╔══

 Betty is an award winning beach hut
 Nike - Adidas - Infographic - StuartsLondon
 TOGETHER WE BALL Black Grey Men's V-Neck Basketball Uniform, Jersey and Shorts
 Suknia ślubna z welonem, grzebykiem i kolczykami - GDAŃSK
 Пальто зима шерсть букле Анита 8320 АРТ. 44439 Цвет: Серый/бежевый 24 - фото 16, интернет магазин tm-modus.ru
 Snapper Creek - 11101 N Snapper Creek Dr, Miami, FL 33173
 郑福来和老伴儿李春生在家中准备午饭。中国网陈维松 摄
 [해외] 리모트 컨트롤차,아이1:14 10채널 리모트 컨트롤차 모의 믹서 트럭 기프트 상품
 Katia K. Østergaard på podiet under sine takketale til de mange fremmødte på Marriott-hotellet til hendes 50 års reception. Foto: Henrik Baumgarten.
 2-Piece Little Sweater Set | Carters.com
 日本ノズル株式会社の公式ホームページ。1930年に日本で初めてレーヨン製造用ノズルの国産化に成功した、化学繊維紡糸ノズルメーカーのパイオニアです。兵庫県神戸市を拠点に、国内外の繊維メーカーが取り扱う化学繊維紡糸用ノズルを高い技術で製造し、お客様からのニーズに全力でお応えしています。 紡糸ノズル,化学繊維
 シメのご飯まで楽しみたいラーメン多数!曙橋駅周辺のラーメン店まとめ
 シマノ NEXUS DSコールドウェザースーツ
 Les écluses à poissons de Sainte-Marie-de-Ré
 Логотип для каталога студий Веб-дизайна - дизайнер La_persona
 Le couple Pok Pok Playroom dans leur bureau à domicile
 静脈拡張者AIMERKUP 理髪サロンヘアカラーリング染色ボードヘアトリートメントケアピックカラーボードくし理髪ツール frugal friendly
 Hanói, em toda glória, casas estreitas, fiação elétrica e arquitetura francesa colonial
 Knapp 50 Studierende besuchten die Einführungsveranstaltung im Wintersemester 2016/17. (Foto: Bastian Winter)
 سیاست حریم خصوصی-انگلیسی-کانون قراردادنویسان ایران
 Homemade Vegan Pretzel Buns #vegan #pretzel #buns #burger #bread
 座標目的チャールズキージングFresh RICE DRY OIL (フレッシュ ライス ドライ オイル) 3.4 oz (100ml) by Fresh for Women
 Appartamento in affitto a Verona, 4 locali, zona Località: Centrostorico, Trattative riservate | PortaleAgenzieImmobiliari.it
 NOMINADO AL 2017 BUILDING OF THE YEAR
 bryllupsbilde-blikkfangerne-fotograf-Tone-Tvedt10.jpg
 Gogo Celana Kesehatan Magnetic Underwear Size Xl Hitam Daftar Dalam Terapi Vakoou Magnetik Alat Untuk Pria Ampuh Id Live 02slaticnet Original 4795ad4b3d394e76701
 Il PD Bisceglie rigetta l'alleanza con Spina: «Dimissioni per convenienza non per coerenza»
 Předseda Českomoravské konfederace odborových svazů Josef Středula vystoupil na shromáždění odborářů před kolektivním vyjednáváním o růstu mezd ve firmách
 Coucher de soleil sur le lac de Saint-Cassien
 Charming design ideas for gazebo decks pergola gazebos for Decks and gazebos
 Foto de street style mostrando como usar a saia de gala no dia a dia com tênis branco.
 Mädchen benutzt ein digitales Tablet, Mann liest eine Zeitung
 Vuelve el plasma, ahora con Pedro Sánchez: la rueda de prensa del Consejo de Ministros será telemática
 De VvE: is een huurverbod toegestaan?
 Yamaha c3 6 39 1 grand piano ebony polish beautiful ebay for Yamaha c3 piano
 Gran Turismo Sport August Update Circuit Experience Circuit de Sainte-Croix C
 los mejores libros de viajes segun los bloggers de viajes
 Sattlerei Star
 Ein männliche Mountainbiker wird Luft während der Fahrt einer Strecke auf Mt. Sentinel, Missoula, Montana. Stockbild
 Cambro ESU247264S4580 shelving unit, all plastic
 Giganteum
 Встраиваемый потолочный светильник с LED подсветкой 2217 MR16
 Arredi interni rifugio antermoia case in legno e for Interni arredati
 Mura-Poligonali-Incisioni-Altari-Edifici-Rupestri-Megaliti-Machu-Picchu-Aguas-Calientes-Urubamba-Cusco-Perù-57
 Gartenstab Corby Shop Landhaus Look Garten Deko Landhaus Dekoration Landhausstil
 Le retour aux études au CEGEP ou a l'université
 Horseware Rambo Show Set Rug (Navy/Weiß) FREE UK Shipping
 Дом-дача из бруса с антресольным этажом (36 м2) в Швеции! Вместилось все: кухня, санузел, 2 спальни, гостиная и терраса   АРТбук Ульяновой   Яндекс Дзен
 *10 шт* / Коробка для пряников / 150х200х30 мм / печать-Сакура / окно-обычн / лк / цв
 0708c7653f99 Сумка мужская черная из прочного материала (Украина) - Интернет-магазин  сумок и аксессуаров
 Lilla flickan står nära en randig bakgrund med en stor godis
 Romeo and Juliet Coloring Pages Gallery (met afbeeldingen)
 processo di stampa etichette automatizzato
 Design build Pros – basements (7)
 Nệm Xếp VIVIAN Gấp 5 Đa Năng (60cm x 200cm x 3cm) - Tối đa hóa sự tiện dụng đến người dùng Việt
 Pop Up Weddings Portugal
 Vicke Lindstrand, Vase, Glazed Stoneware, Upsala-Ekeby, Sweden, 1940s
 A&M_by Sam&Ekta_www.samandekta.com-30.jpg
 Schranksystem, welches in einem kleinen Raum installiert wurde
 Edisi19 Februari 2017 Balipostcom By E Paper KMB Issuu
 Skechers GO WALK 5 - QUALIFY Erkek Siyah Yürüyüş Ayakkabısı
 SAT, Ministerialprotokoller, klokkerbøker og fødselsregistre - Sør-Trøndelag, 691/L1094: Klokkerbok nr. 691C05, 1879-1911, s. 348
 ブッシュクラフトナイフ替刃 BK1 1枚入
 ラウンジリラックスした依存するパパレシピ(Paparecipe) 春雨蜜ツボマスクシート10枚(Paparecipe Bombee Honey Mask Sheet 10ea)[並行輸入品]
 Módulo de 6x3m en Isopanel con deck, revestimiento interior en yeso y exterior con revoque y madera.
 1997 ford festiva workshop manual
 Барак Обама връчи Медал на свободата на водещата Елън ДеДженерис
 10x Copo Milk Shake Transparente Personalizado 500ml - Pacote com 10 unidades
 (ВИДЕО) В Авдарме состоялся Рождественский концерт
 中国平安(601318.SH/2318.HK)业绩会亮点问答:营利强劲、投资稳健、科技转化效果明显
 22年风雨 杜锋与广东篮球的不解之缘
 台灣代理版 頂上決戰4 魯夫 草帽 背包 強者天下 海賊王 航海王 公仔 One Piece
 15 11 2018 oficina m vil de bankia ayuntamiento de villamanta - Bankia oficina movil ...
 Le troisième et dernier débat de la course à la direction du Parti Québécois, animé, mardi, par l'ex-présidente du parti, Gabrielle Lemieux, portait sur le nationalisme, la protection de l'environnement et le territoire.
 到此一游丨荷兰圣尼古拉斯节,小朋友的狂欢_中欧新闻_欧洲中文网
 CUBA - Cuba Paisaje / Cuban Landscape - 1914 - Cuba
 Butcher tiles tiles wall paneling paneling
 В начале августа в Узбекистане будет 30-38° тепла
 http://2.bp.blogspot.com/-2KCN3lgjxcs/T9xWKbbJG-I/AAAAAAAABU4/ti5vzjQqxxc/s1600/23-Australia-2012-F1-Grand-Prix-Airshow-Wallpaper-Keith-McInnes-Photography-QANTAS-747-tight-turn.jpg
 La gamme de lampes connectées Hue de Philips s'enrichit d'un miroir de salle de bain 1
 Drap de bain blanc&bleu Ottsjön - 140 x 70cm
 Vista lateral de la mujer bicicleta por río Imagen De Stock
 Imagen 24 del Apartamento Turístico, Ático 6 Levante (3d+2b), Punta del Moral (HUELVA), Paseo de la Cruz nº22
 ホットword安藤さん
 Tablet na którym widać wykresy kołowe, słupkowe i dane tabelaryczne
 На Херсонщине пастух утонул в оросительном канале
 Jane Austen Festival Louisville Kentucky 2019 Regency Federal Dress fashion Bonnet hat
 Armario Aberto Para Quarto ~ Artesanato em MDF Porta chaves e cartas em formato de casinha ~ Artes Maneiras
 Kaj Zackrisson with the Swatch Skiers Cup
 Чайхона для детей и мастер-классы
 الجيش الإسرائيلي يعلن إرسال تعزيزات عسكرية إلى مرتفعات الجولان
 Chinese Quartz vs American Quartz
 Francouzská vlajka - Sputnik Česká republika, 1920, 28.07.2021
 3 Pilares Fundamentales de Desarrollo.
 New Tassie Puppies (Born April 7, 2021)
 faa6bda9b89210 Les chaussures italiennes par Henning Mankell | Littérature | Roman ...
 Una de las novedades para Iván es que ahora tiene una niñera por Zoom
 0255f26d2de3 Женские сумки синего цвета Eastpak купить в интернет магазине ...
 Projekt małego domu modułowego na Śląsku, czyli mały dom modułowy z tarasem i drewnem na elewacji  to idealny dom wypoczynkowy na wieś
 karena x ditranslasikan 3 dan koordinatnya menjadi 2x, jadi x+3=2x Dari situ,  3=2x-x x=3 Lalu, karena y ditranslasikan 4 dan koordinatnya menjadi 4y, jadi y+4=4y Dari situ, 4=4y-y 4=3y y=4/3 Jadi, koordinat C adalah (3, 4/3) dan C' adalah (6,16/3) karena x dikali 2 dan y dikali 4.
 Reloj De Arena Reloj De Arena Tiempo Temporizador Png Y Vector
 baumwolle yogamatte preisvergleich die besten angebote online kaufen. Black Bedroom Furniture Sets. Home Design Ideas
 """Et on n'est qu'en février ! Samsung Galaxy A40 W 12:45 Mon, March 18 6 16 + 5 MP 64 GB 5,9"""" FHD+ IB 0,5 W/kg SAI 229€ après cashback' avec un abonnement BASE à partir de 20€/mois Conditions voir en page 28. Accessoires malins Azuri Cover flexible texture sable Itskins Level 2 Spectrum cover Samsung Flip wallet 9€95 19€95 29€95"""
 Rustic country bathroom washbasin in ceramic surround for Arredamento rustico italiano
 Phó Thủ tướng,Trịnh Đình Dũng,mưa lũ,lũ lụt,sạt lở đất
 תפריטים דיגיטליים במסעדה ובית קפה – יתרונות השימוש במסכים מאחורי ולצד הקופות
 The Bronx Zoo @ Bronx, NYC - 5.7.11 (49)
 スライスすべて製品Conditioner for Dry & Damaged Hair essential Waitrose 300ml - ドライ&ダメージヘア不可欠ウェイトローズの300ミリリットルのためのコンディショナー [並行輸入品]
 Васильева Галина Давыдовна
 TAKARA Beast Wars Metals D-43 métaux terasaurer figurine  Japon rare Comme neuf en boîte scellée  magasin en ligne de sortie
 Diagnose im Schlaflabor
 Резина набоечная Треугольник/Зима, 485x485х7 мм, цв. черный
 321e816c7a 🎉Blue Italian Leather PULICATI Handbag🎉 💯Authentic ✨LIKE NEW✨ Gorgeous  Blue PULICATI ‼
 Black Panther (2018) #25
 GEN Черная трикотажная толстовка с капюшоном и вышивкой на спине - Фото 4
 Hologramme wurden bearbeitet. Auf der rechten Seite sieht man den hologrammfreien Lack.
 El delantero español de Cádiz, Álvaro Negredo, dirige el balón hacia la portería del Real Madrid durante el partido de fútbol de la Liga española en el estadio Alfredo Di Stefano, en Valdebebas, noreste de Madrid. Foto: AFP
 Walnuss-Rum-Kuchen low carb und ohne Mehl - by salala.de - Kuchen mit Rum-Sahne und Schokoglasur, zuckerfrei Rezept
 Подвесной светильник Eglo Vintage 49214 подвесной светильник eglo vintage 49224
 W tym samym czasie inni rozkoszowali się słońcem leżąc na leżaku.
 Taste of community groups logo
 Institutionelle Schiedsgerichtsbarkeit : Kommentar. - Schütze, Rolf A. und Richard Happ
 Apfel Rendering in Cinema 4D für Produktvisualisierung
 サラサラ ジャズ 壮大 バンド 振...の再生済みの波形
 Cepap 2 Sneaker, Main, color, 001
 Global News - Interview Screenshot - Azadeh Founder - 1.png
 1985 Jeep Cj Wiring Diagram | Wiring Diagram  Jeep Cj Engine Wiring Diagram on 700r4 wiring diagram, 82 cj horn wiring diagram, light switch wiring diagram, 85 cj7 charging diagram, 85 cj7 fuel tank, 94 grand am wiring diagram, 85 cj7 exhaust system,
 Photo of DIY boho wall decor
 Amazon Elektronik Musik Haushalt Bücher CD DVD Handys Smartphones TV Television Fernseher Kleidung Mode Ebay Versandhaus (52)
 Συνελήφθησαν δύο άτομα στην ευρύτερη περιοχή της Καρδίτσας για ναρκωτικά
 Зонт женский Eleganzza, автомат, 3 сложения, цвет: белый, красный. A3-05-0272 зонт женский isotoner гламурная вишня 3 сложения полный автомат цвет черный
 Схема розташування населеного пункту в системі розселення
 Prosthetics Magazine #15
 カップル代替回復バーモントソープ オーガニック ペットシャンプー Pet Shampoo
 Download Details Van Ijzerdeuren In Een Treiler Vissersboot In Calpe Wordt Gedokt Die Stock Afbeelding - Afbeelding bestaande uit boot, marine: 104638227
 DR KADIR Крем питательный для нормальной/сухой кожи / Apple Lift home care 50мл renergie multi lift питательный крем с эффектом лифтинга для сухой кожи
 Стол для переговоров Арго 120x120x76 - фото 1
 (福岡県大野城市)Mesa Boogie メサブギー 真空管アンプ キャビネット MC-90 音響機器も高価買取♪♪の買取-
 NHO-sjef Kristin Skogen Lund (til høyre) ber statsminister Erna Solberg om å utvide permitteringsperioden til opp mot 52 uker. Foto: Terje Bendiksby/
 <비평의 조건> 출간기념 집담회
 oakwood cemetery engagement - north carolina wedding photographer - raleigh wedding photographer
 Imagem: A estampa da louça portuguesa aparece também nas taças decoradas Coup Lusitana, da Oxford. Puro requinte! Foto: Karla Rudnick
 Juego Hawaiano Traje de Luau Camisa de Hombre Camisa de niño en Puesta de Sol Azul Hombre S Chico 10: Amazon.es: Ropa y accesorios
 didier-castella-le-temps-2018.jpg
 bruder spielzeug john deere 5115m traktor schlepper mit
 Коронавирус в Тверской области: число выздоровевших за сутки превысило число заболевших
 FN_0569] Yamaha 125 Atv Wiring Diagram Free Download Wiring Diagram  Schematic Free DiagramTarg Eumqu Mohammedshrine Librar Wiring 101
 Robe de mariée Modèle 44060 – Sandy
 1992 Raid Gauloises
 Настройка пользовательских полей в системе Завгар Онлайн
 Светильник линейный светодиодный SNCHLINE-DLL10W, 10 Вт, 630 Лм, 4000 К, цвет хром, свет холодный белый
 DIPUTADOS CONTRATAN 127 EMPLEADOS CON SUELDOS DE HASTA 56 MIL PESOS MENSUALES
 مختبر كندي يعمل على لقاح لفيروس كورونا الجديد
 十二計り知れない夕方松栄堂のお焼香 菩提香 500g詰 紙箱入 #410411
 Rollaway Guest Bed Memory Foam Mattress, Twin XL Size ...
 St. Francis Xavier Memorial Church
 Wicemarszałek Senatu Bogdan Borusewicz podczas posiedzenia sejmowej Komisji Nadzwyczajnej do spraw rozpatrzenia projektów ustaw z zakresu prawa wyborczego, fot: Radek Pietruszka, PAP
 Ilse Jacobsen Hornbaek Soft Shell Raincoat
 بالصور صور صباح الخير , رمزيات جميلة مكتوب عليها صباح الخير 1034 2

╚══

Exercise objective: Among the lines above, find each one containing the string "Piece" and copy it.

Your response:
 2-Piece Little Sweater Set | Carters.com
 台灣代理版 頂上決戰4 魯夫 草帽 背包 強者天下 海賊王 航海王 公仔 One Piece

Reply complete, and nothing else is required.